In this example, subjects \#3 and \#4 (censored at $14^+$ and $15^+$) are
counted in the number at risk at $t = 10$ and $t = 14$, which is why those
denominators are 7 and 6. After their censoring times they drop out of all
later risk sets. This is exactly what lets Kaplan-Meier use partial information
from censored subjects instead of discarding them.
:::
# Part 2: Cox proportional hazards models {#sec-part2}
For reference, here is the fitted model from the exam. The primary exposure is
baseline smoking category (nonsmoker = reference, light smoker $L=1$, heavy
smoker $H=1$), adjusting for age in decades ($A$), behavior pattern ($P$),
overweight ($B$), and high cholesterol ($C$).
| Characteristic | $\log(\widehat{HR})$ | $\widehat{HR}$ | 95% CI for HR | $p$ |
|:---------------------|:--------------------:|:--------------:|:-------------:|:---:|
| nonsmoker (ref.) | – | – | – | – |
| light smoker ($L$) | 0.36 | 1.43 | (1.05, 1.95) | 0.023 |
| heavy smoker ($H$) | 0.78 | 2.18 | (1.63, 2.91) | < 0.001 |
| age per decade ($A$) | 0.66 | 1.94 | (1.56, 2.40) | < 0.001 |
| behavior type A ($P$)| 0.73 | 2.06 | (1.58, 2.70) | < 0.001 |
| overweight ($B$) | 0.30 | 1.34 | (1.05, 1.72) | 0.019 |
| high cholesterol ($C$)| 0.75 | 2.12 | (1.65, 2.71) | < 0.001 |
: Cox PH regression for the WCGS CHD data {#tbl-wcgs}
The exam also provided the estimated covariance matrix of the coefficient
estimates (on the $\log(HR)$ scale). The entries we need below are:
$$\V(\hat\beta_L) = 0.024840,
\quad
\V(\hat\beta_H) = 0.021905,
\quad
\Covt(\hat\beta_L, \hat\beta_H) = 0.010504$$
## Writing the model: name every assumption and show where it is used {#sec-write-model}
*Exam reference: **Exercise 2.1** (10 points) — write the mathematical form of the proportional hazards model corresponding to Table 1.*
::: {.callout-warning}
## Common mistake
Several patterns lost the most points here:
- Treating the question as "interpret the coefficients" and writing only the
linear predictor, omitting the **likelihood**, the **distribution
functions**, and the **assumptions**.
- Listing assumption *names* without **showing where they are used**, or
writing the math without naming the assumption.
- Adding a spurious **"baseline hazard is exponential"** assumption.
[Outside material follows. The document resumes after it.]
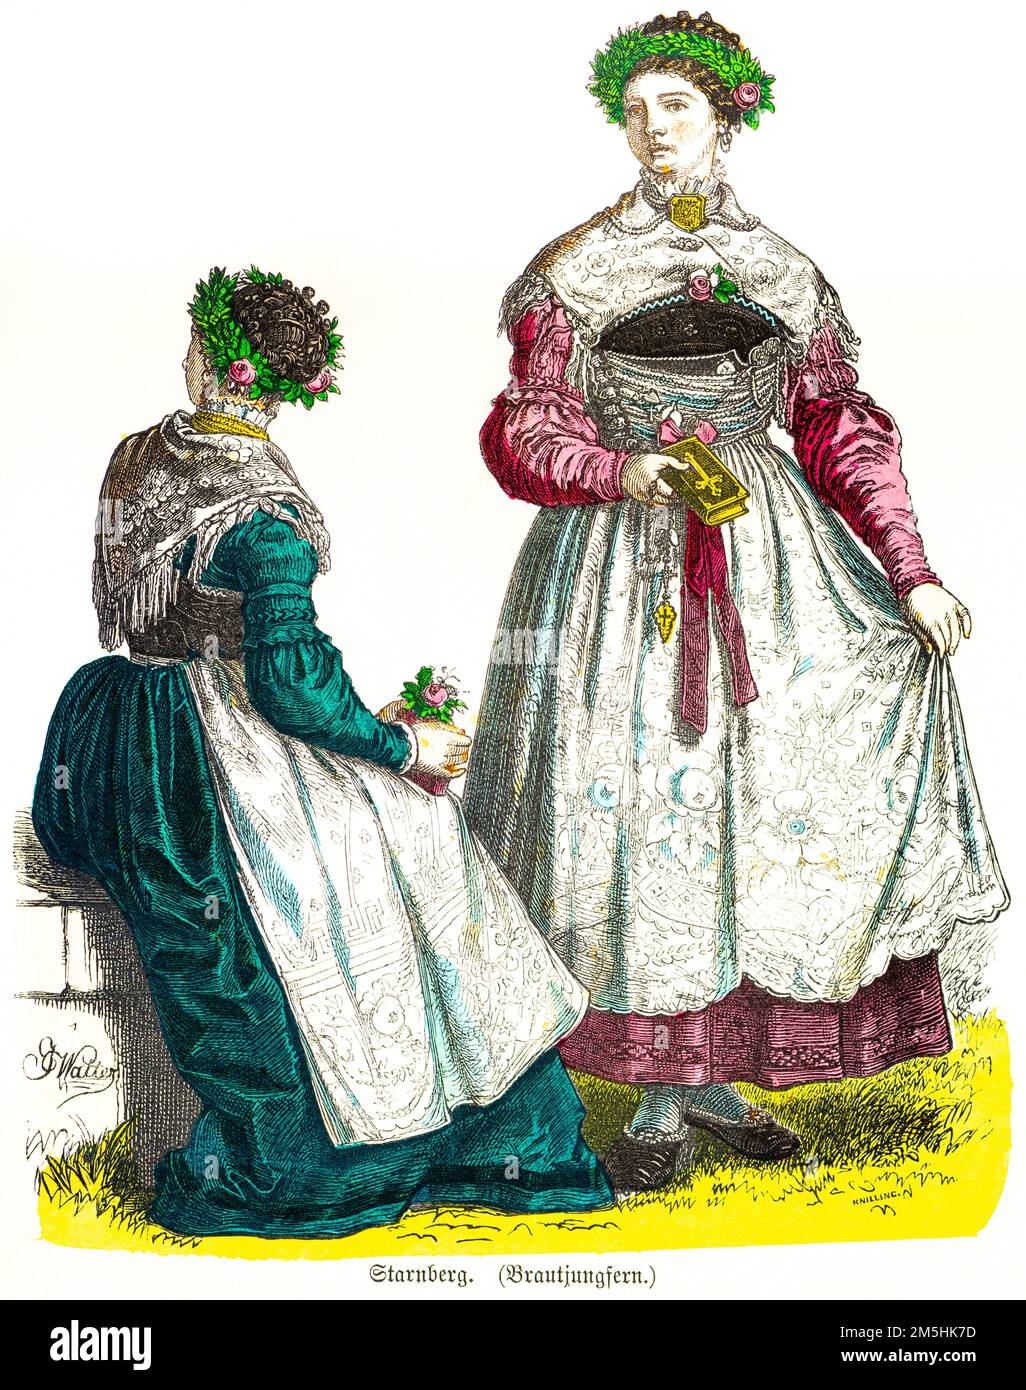 Costumes traditionnels, demoiselle d'honneur de Starnberg, Bavière, Allemagne du Sud, 19th siècle, Illustration historique en col, Münchener Bilderbogen 1890 Banque D'Images

The Cox
model leaves the baseline hazard $\lambda_0(t)$ **unspecified**; assuming a
parametric form is wrong.
- Omitting one or more of the standalone distribution functions (survival,
density, hazard, log-hazard, cumulative hazard).
:::
::: {.solution}
A full-credit answer connects the likelihood to the linear predictor through a
chain of named components and assumptions. Using
$\tilde X = (L, H, A, P, B, C)$:
**Joint likelihood of the data set:**
$$\Lik \eqdef \p(\tilde Y = \tilde y, \tilde D = \tilde d \mid \mathbf X = \mathbf x)$$
**Marginal likelihood contribution of observation $i$:**
$$\Lik_i \eqdef \p(Y_i = y_i, D_i = d_i \mid \tilde X_i = \tilde x_i)$$
***Independent-observations assumption*** (used to factor the likelihood):
$$\Lik = \prod_{i=1}^n \Lik_i$$
***Non-informative censoring assumption*** (used so each contribution reduces to
survival and hazard terms): $T_i \indpt C_i \mid \tilde X_i$, giving
$$\Lik_i \propto \left[\f(y_i \mid \tilde x_i)\right]^{d_i}
\left[\surv(y_i \mid \tilde x_i)\right]^{1 - d_i}
= \surv(y_i \mid \tilde x_i)\cdot\left[\haz(y_i \mid \tilde x_i)\right]^{d_i}$$
**Distribution functions** (define each one):
$$\surv(t \mid \tilde x) \eqdef \P(T > t \mid \tilde X = \tilde x) = \exp{-\cumhaz(t \mid \tilde x)}$$
$$\f(t \mid \tilde x) \eqdef \haz(t \mid \tilde x)\,\surv(t \mid \tilde x)$$
$$\haz(t \mid \tilde x) \eqdef \p(T = t \mid T \ge t, \tilde X = \tilde x) = \frac{\f(t \mid \tilde x)}{\surv(t \mid \tilde x)}$$
$$\cumhaz(t \mid \tilde x) \eqdef \int_0^t \haz(u \mid \tilde x)\,du = -\log\surv(t \mid \tilde x)$$
$$\loghaz(t \mid \tilde x) \eqdef \log\haz(t \mid \tilde x)$$
***Proportional-hazards assumption*** (used to split the hazard into a baseline
that depends only on time and a factor that depends only on covariates):
$$\haz(t \mid \tilde x) = \lambda_0(t)\cdot\theta(\tilde x)$$
where $\lambda_0(t)$ is the **unspecified** baseline hazard.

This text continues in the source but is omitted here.